**Exercise requirements:** Every line of the material needs an exact copy, apart from the images.

**Raw data:**
● ● ● ● ● ● ●
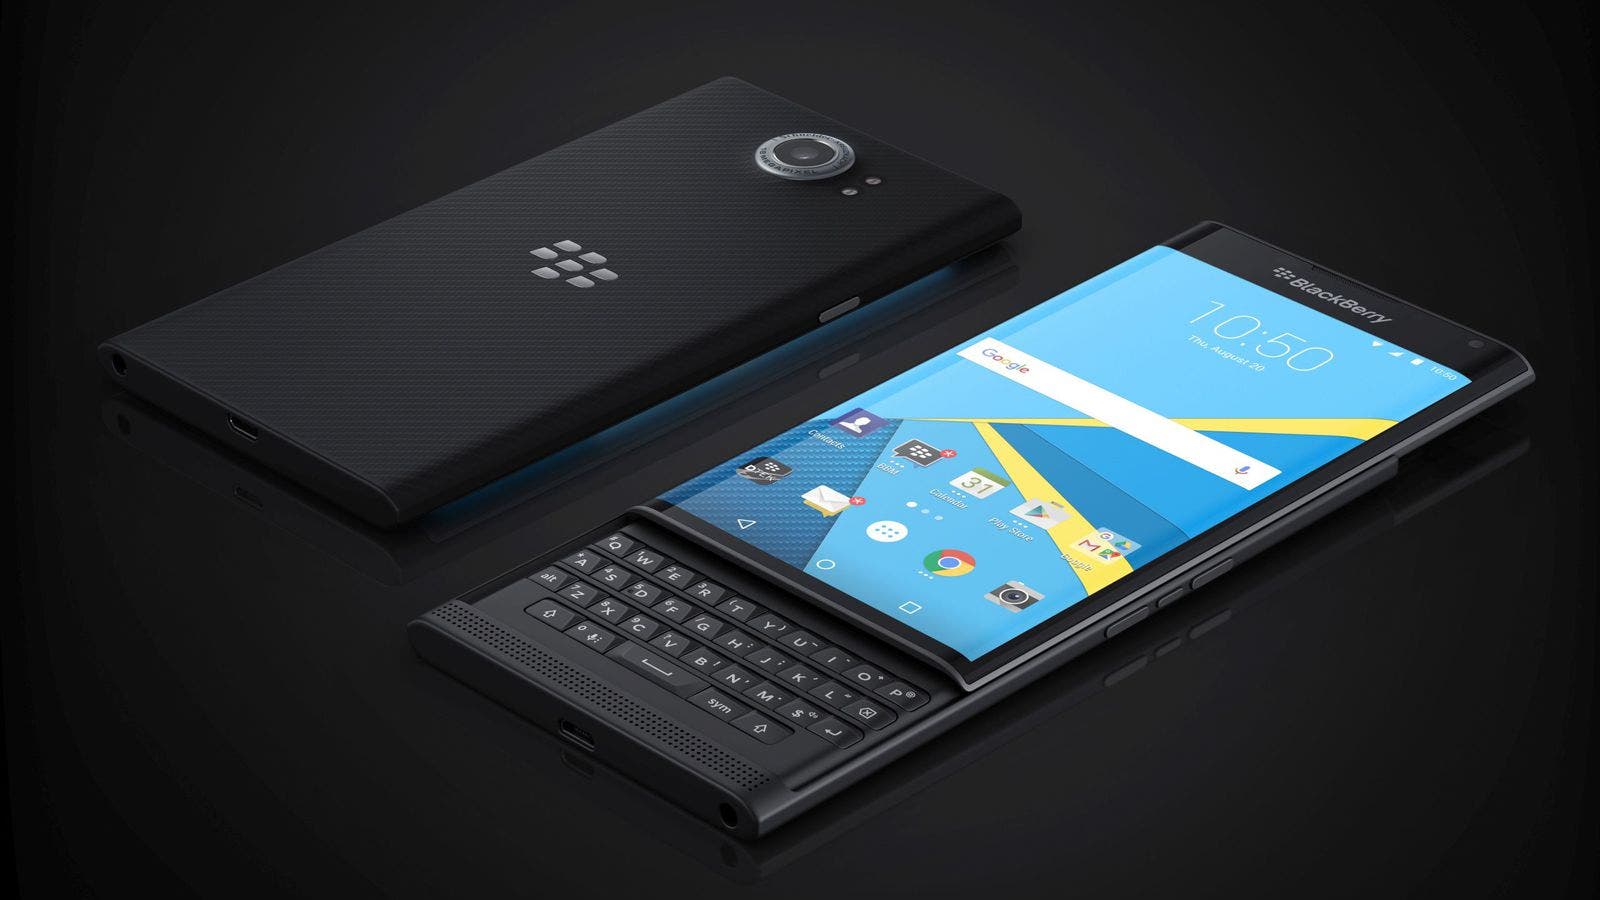 BlackBerry lanzará un smartphone sin teclado con IP67 y gran pantalla
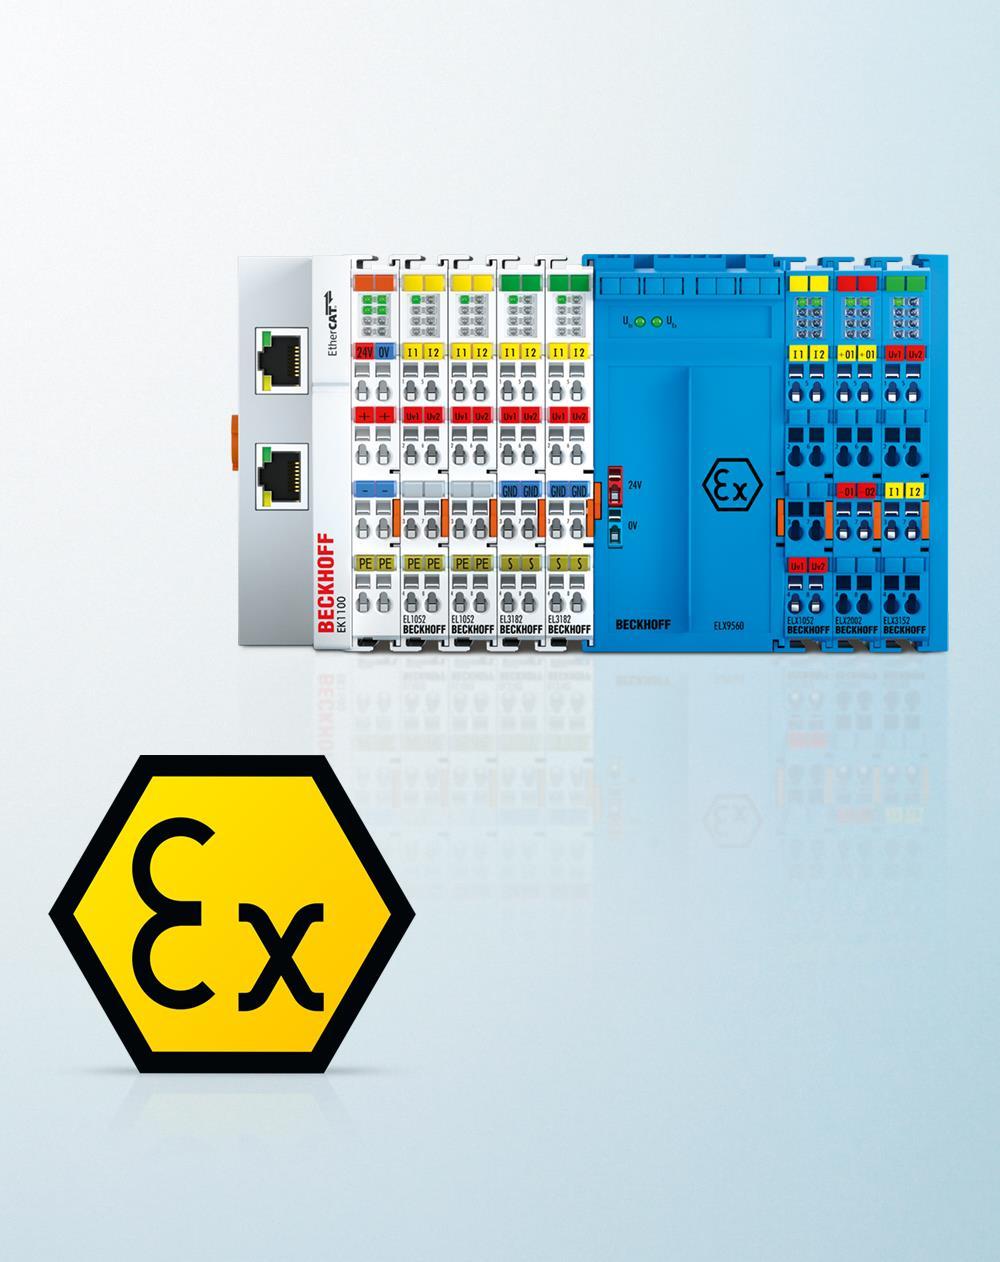 ELX Kompaktní I/O s jiskrovou bezpečností: EtherCAT Terminály pro použití ve výbušném prostředí ELX série: EtherCAT Terminály zajišťující jiskrovou bezpečnost ve 12 mm terminálu
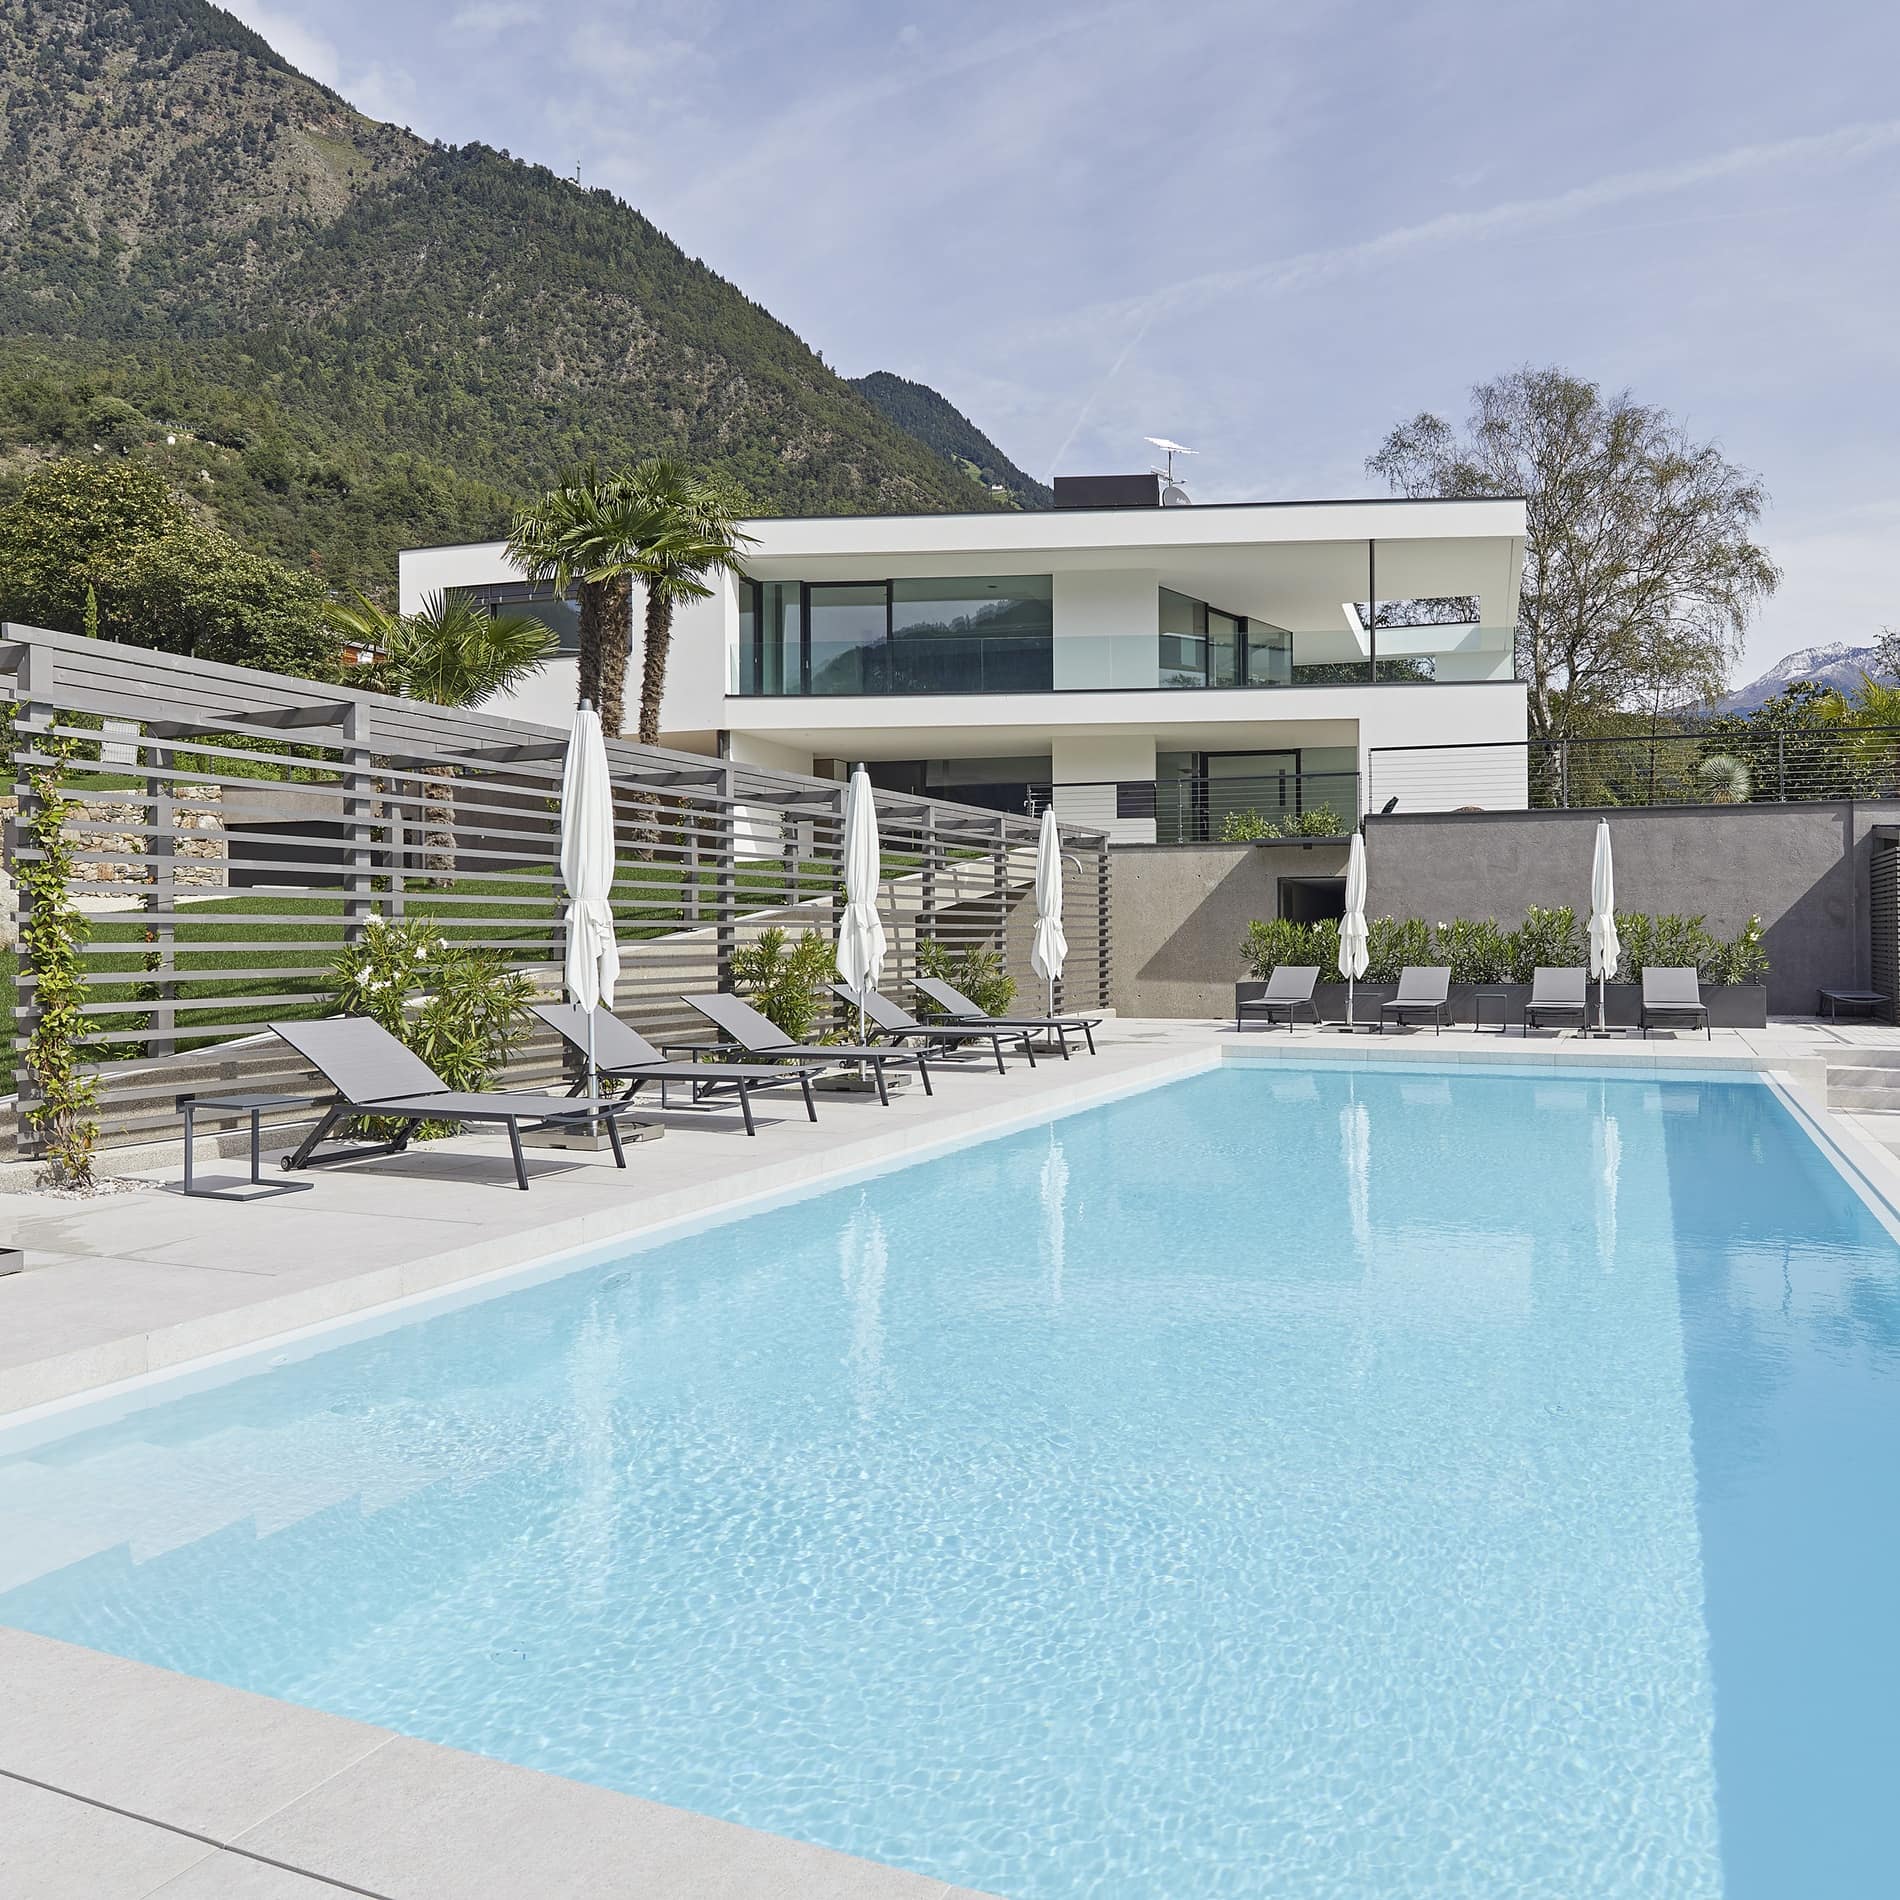 Am Pool der Ferienwohnung in Algund stehen elegante Sonnenliegen: eine mondäne Ferienwohnung in Italien mit Pool
● ● ● ● ● ● ●
**Answer box:**
 BlackBerry lanzará un smartphone sin teclado con IP67 y gran pantalla
 ELX Kompaktní I/O s jiskrovou bezpečností: EtherCAT Terminály pro použití ve výbušném prostředí ELX série: EtherCAT Terminály zajišťující jiskrovou bezpečnost ve 12 mm terminálu
 Am Pool der Ferienwohnung in Algund stehen elegante Sonnenliegen: eine mondäne Ferienwohnung in Italien mit Pool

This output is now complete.